对元素应用多次旋转时计算元素角度的最佳方法是什么 [英] What is the best way to calculate an element's angle when multiple rotates are applied to it

问题描述

如果你做一个rotateX(180deg)rotateY(180deg)，它现在是颠倒的.因此，如果鼠标设置为在拖动时向上移动子元素，该子元素现在将向下移动(取决于您的设置方式).

If you do a rotateX(180deg) rotateY(180deg) it's upside down now. So if the mouse is set to move a child element up on drag that child element will now be moving down (depending on how you have things set up).

-webkit-transform: rotateX(?deg) rotateY(?deg) rotateZ(?deg); // where does it point?

仅适用于 WEBKIT 的设置

看一看 fiddle(代码一团糟，被精简了).在您的计算机显示器上绘制排列成圆圈的 360 个 tic 标记.你怎么知道箭头所指的刻度是什么(假设盒子正好在圆的中心)?

Take a look at the fiddle (code is a mess, stripped down). Draw 360 tic marks, arranged in a circle, on your computer monitor. How can you tell what tic mark the arrow is pointing to (assuming the box is at the exact center of the circle)?

涵盖基础知识的教程是这里，这里.

A tutorial that covers the basics is here, here.

*edit - 使用的变换原点位于立方体的中心

*edit - the transform-origin being used is at the center of the cube

推荐答案

注意: 以下所有内容都假定您使用的是通过原点的向量，如 这个例子.在您的原始示例中，向量还从原点偏移了向量 [0, 0, 60].这会使计算稍微复杂化，所以我在解释中使用了简化版本.

Note: Everything that follows assumes you are using a vector that passes through the origin, as in this example.
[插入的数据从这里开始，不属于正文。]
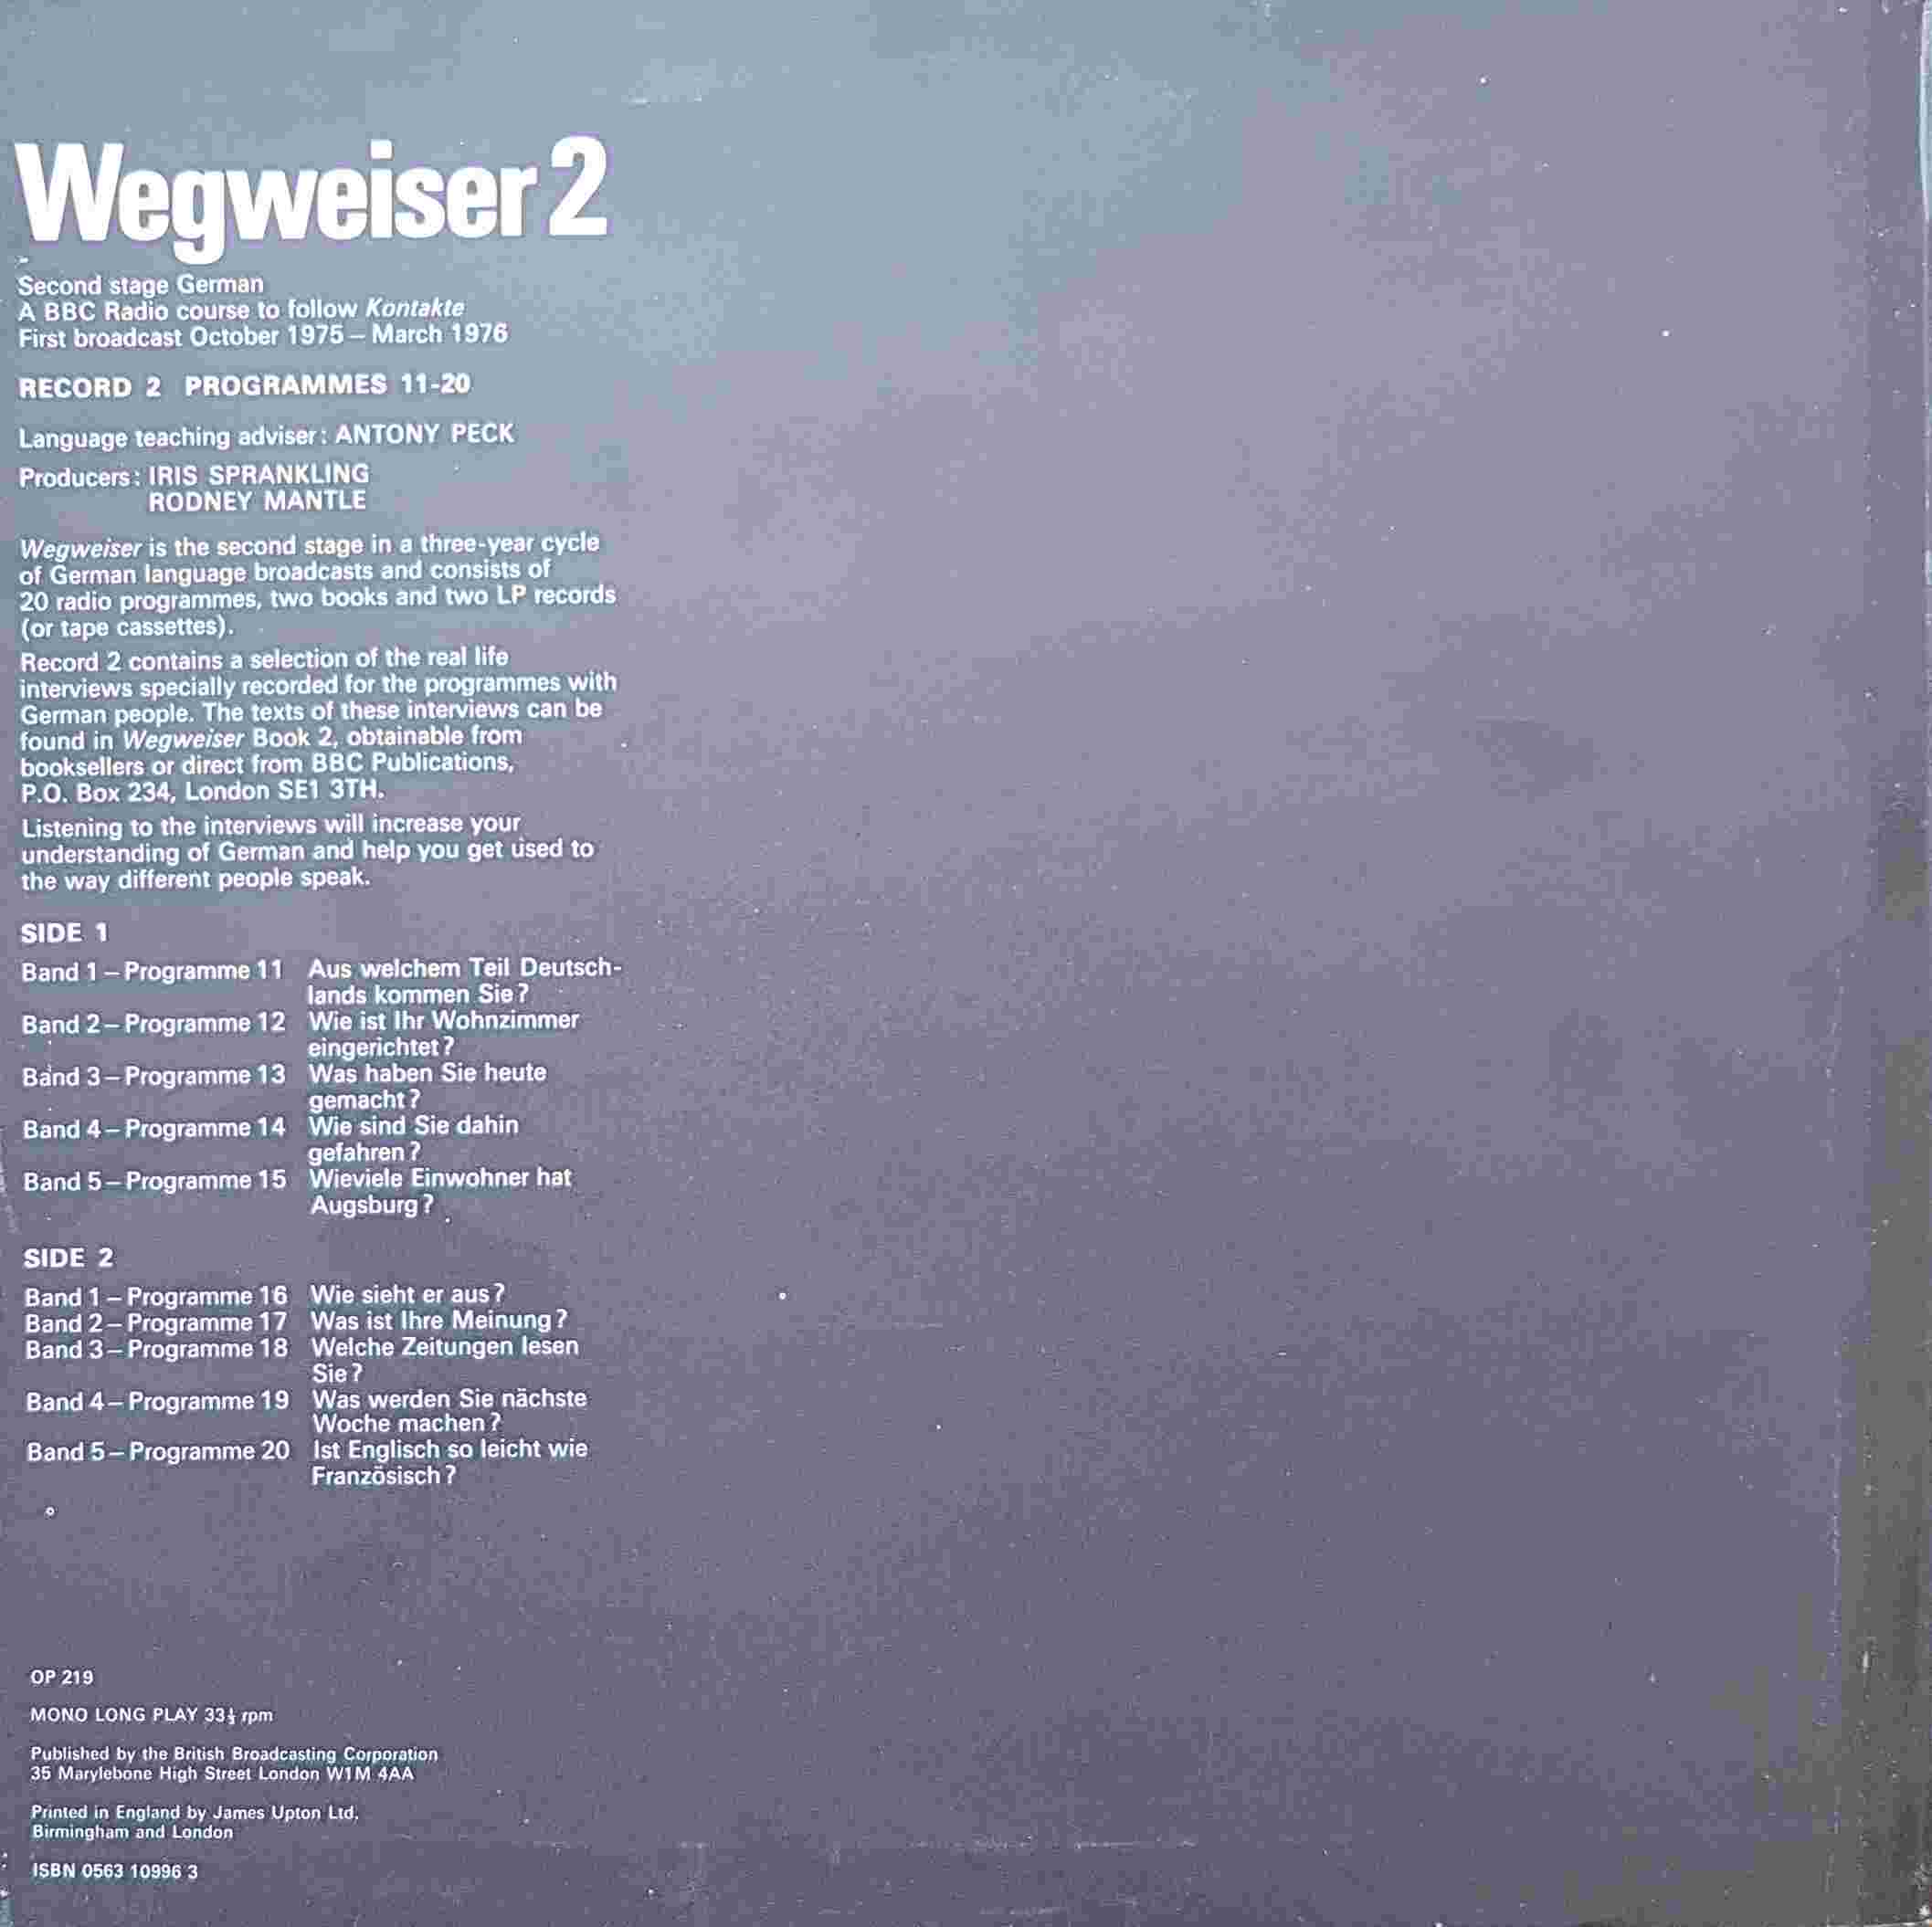 Picture of OP 219 Wegweiser 2 - Second stage course in German - Programmes 11 - 20 by artist Antony Peck from the BBC records and Tapes library
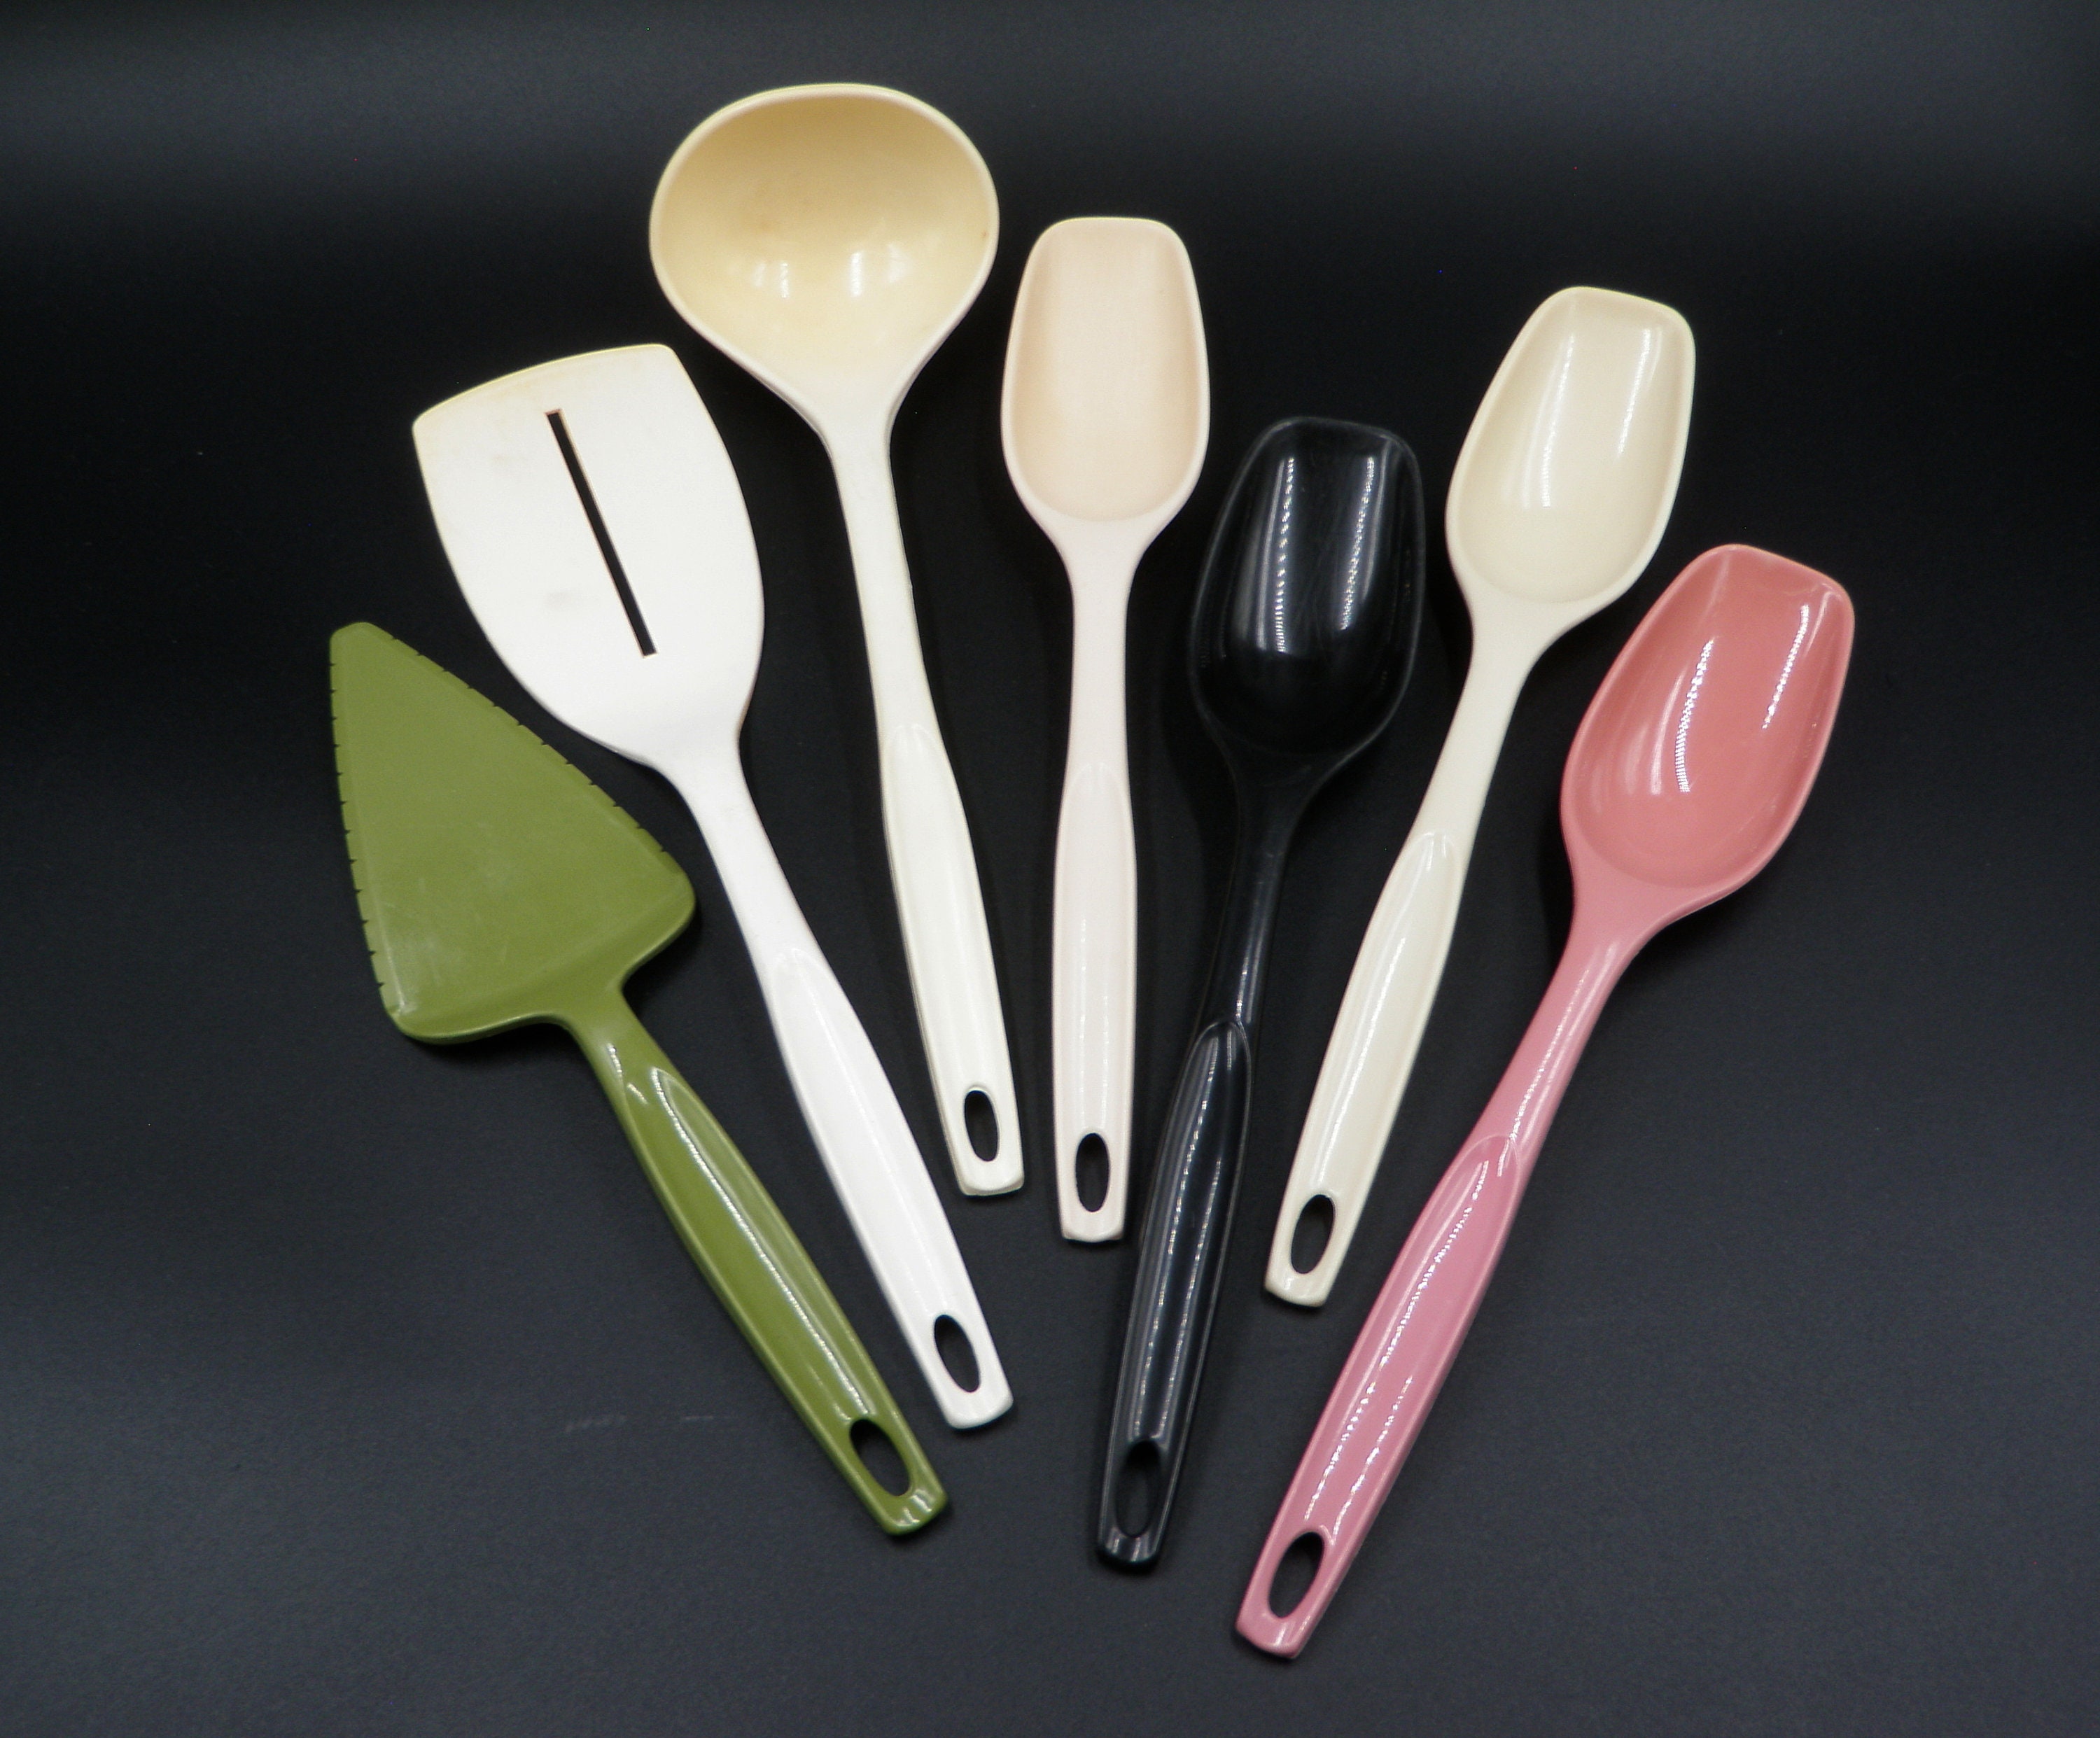 Silicone Slotted Angled Fish Turner Spatula Thin Slotted Egg Spatula  -Heat-Resistant 600F No-Melt Blade/Rubber Handle - Spatula for Cooking or  Baking

In your original example the vector is additionally offset from the origin by the vector [0, 0, 60]. This complicates calculations slightly, so I have used the simplified version in my explanation.

您的矢量当前由球坐标 欧拉角 连续应用旋转到预定义的矢量定义.以下是如何使用旋转来确定最终向量的笛卡尔坐标:

Your vector is currently defined by spherical coordinates Euler angles consecutively applied rotations to a predefined vector. Here is how you can use your rotations to determine the cartesian coordinates of the final vector:

1. 假设您的向量是 [0, 1, 0](假设箭头的长度为 1 个单位并从原点开始)

1. Let us say your vector is [0, 1, 0] (assuming the arrow is 1 unit long and starts at the origin)

通过将向量乘以旋转矩阵来应用 x、y 和 z 旋转 描述这里以任何顺序，在每种情况下用相应的角度替换θ:

Apply x, y and z rotations by multiplying your vector by the rotation matrices described here in any order, replacing θ with the corresponding angle in each case:

结果向量是由指定的 x、y 和 z 旋转变换后的原始向量

The resulting vector is your original vector transformed by the specified x, y and z rotations

一旦你得到了旋转的向量，找到向量在 x-y 平面上的投影就变得很容易了.

Once you have obtained the rotated vector, finding the projection of the vector on the x-y plane becomes easy.

例如考虑向量[10, 20, 30](笛卡尔坐标)，在xy平面上的投影就是向量[10, 20, 0].这个向量与水平面的角度可以计算为:

For example, considering the vector [10, 20, 30] (cartesian coordinates), the projection on the x-y plane is the vector [10, 20, 0]. The angle of this vector from the horizontal can be calculated as:

tan^-1(20/10) = 1.107 rad(从正 x 轴逆时针方向)

tan^-1(20/10) = 1.107 rad (counter clockwise from the positive x axis)

= 63.43 度(从 x 轴正方向逆时针方向)

                    = 63.43 deg (counter clockwise from the positive x axis)

这意味着箭头指向第 63 个和第 64 个刻度线"之间.从直接指向右边的那个开始逆时针计数.

This means the arrow points between the 63rd and 64th "tick marks" counting counter clockwise from the one pointing directly to the right.

这篇关于对元素应用多次旋转时计算元素角度的最佳方法是什么的文章就介绍到这了，希望我们推荐的答案对大家有所帮助，也希望大家多多支持IT屋！